Department of Entomology and Plant Pathology and NC Plant Sciences Initiative, North Carolina State University, Raleigh, NC 27606, U.S.A.
Department of Plant Biology, Michigan State University, East Lansing, MI 48824, U.S.A.
Mol Plant Microbe Interact. 2024 Mar;37(3):315-326. doi: 10.1094/MPMI-09-23-0146-FI. Epub 2024 Apr 1.

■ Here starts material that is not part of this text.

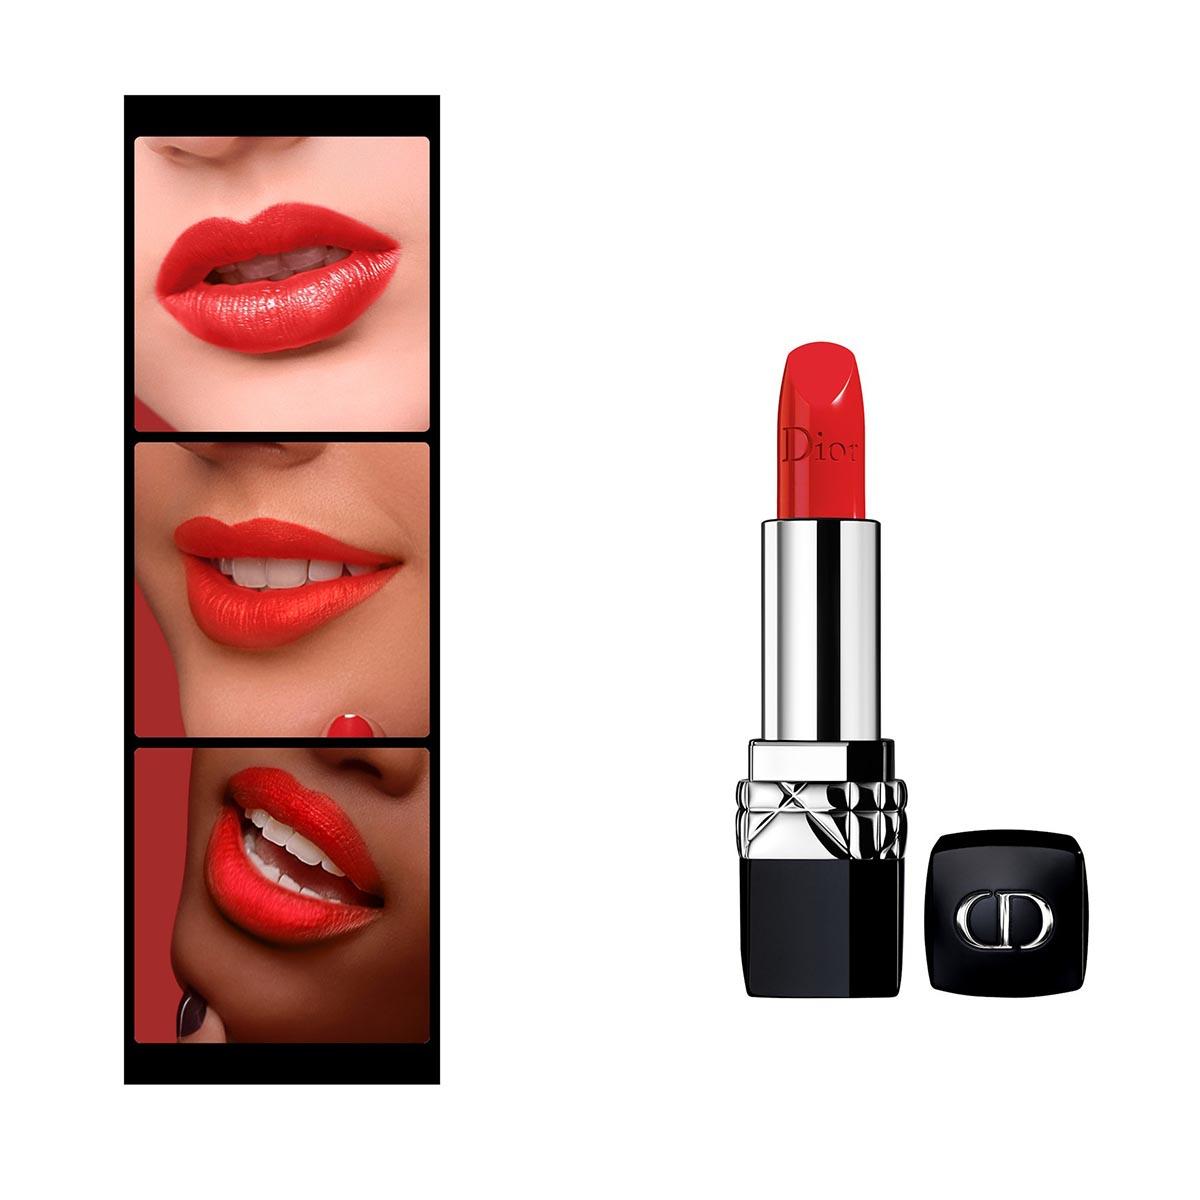 Dior rouge dior 844

In 2015, sweetpotato producers in the United States experienced one of the worst outbreaks of black rot recorded in history, with up to 60% losses reported in the field and packing houses and at shipping ports. Host resistance remains the ideal management tool to decrease crop losses. Lack of knowledge of biology represents a critical barrier for the deployment of resistance to black rot in sweetpotato. In this study, we scanned the recent near chromosomal-level assembly for putative secreted effectors in the sweetpotato isolate AS236 using a custom fungal effector annotation pipeline. We identified a set of 188 putative effectors on the basis of secretion signal and in silico prediction in EffectorP. We conducted a deep RNA time-course sequencing experiment to determine whether modulates effectors in planta and to define a candidate list of effectors expressed during infection. We examined the expression profile of two isolates, a pre-epidemic (1990s) isolate and a post-epidemic (2015) isolate. Our in planta expression profiling revealed clusters of co-expressed secreted effector candidates. Based on fold-change differences of putative effectors in both isolates and over the course of infection, we suggested prioritization of 31 effectors for functional characterization. Among this set, we identified several effectors that provide evidence for a marked biotrophic phase in during infection of sweetpotato storage roots. Our study revealed a catalog of effector proteins that provide insight into infection mechanisms and represent a core catalog to implement effector-assisted breeding in sweetpotato. [Formula: see text] Copyright © 2024 The Author(s). This is an open access article distributed under the CC BY-NC-ND 4.0 International license.
2015 年,美国的甘薯种植者经历了有记录以来最严重的黑腐病爆发之一,田间、包装厂和运输港口的损失高达 60%。利用宿主抗性仍然是减少作物损失的理想管理工具。对生物学缺乏了解是在甘薯中部署黑腐病抗性的一个关键障碍。在这项研究中,我们使用定制的真菌效应物注释管道,对甘薯分离株 AS236 的最近近染色体水平组装进行了潜在分泌效应物的扫描。我们根据分泌信号和 EffectorP 中的计算机预测,在基于假设的效应物上确定了一组 188 个潜在效应物。我们进行了深度 RNA 时间过程测序实验,以确定是否在植物体内调节效应物,并定义在感染过程中表达的候选效应物列表。我们检查了两个分离株(一个是流行前(20 世纪 90 年代)分离株,一个是流行后(2015 年)分离株)的表达谱。我们的植物内表达谱分析揭示了一组共表达的分泌效应物候选物。基于两个分离株和感染过程中假定效应物的差异倍数,我们建议对 31 个效应物进行功能特征分析。在这一组中,我们鉴定了几个效应物,为在甘薯贮藏根感染过程中提供了证据,证明了在中存在明显的生物营养期。我们的研究揭示了一个效应蛋白目录,为了解感染机制提供了深入的了解,并代表了在甘薯中实施效应辅助育种的核心目录。